Luckily the Anabaptists came along and pushed the envelope of Biblical interpretation and rediscovered the radical Jesus of the gospels, the peace-maker, the justice-seeker, the one who said beware of the yeast of the Pharisees and the Herodians.  That’s our heritage.  And yet, it’s still so easy to just go along.

I confess that I’m often at a loss to try to find my way through this world.  All I have are a few fish and they seem so insignificant.  They are squelched by the background noise of the march toward war, by the forces leaving poverty in its wake, by the religious intolerance which denies the simple bread and cup to faithful people because of their sexual orientation.

And yet, I’m reminded of the words of Dorothy Day which I read in a recent Baptist Peace Fellowship mailing: “It’s the little things that we possess—our little faith, our little deeds.  These are our loaves and fishes.  We can but offer them to God and pray that God will make the increase.”

We gather around one loaf on Communion Sundays.  We are called to be one loaf.  The disciples have one loaf in their boat.  Jesus calls us to beware that we do not harm that one loaf with bad yeast. 

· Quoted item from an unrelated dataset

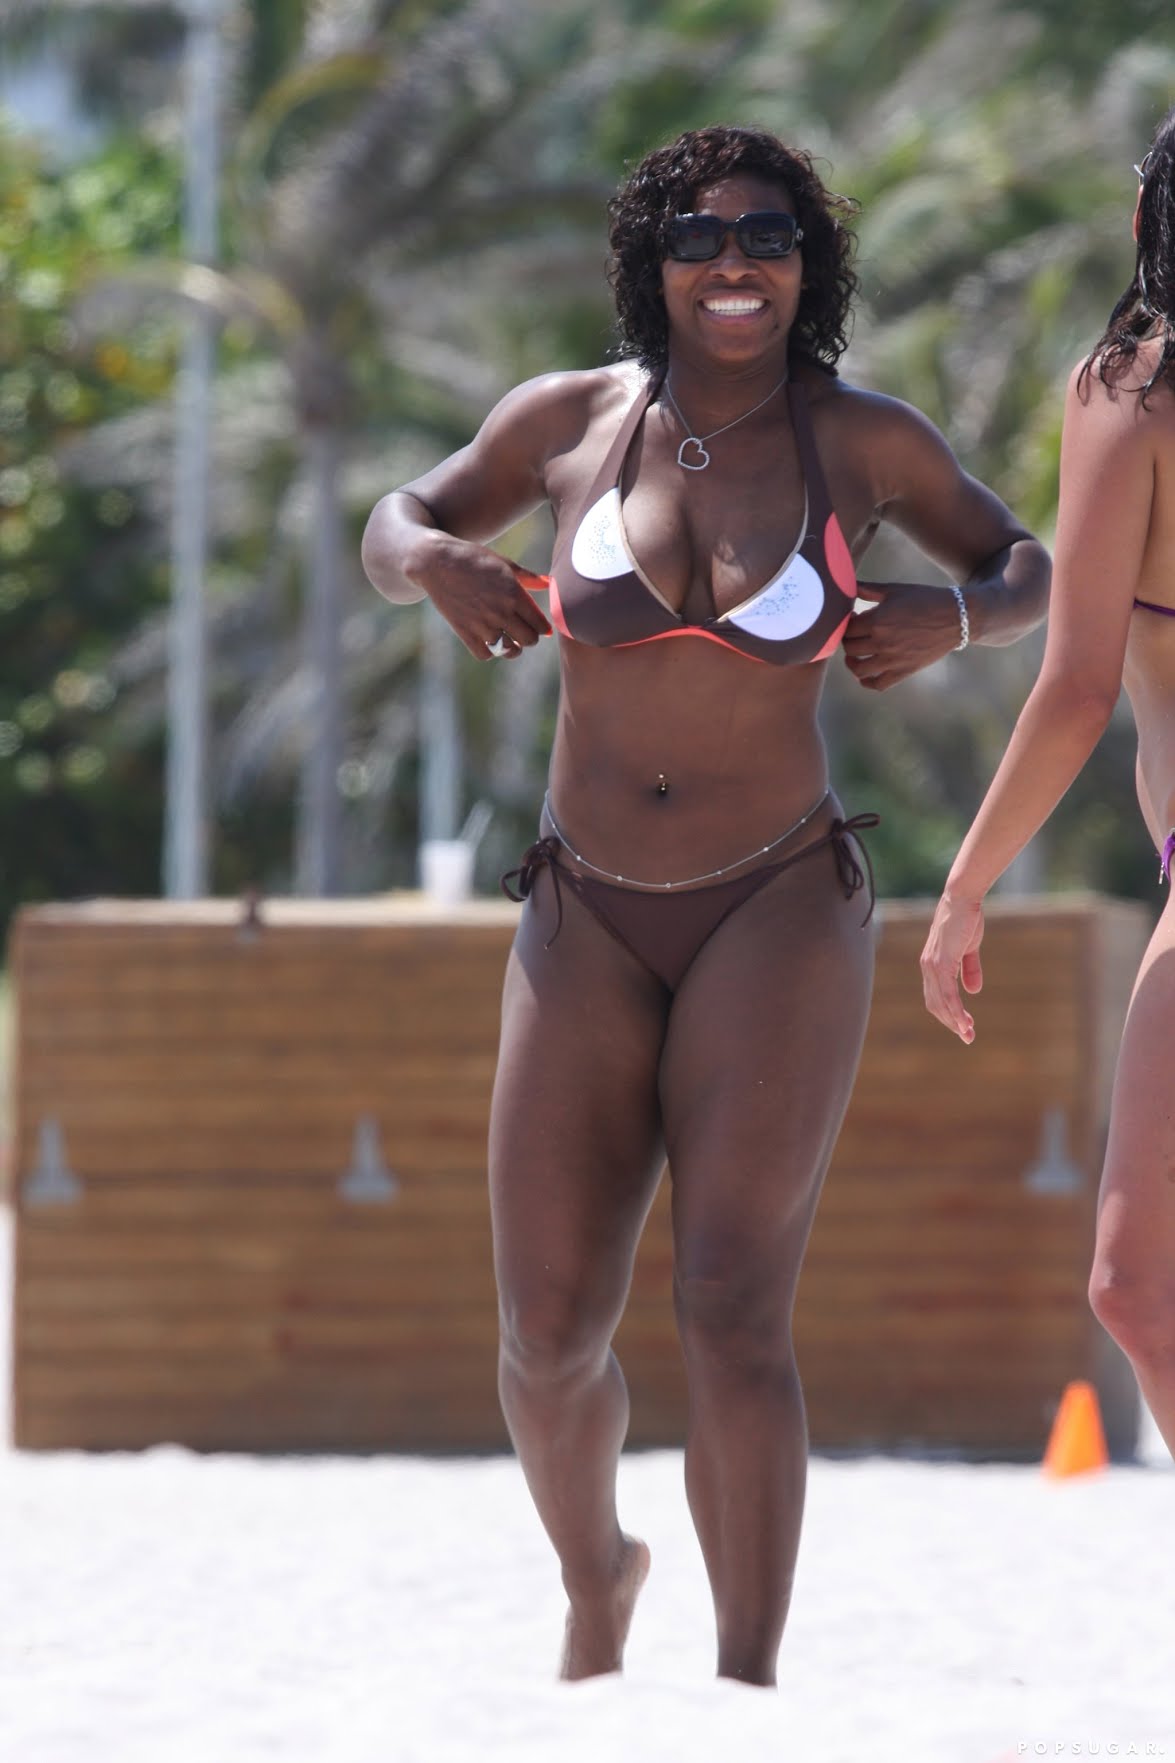 17 Times Serena Williams Showed Off Her Powerhouse Body in a Bikini

            The scripture ends with scene 4:

            Jesus uses spit once again to heal a blind man, just like he used spit to heal a deaf person in the last chapter.  These people hear and see, even if the disciples and we don’t get it yet.  They understand, even if we don’t.  But the blind man doesn’t get it at first either.  The first time he looks, all he sees are things that look like trees.  It takes a second healing touch for him to see, a second chance.  Maybe there’s hope for us after all. 

Maybe, just maybe we need to come to Jesus once again, pleading for a healing touch.  Maybe, just maybe we need to learn more of God’s ways through our own study of the Bible and of the world.  We do that well already here in our classes and support groups at UBC.

Maybe, just maybe we can find new ways to rid ourselves of our clinginess to that old yeast that has lost its spring.

Maybe, just maybe we can see the way of Jesus as a remedy for the doldrums and foibles of this world.

Maybe as we remember our renegade Anabaptist forebears, we might have the courage to speak truth to power and to set the captives free.

Maybe as we do this, our eyesight might clear up and we might even for the first time see with new eyes.  And in that day, when God asks us, Do we understand yet?”  We will know our answer.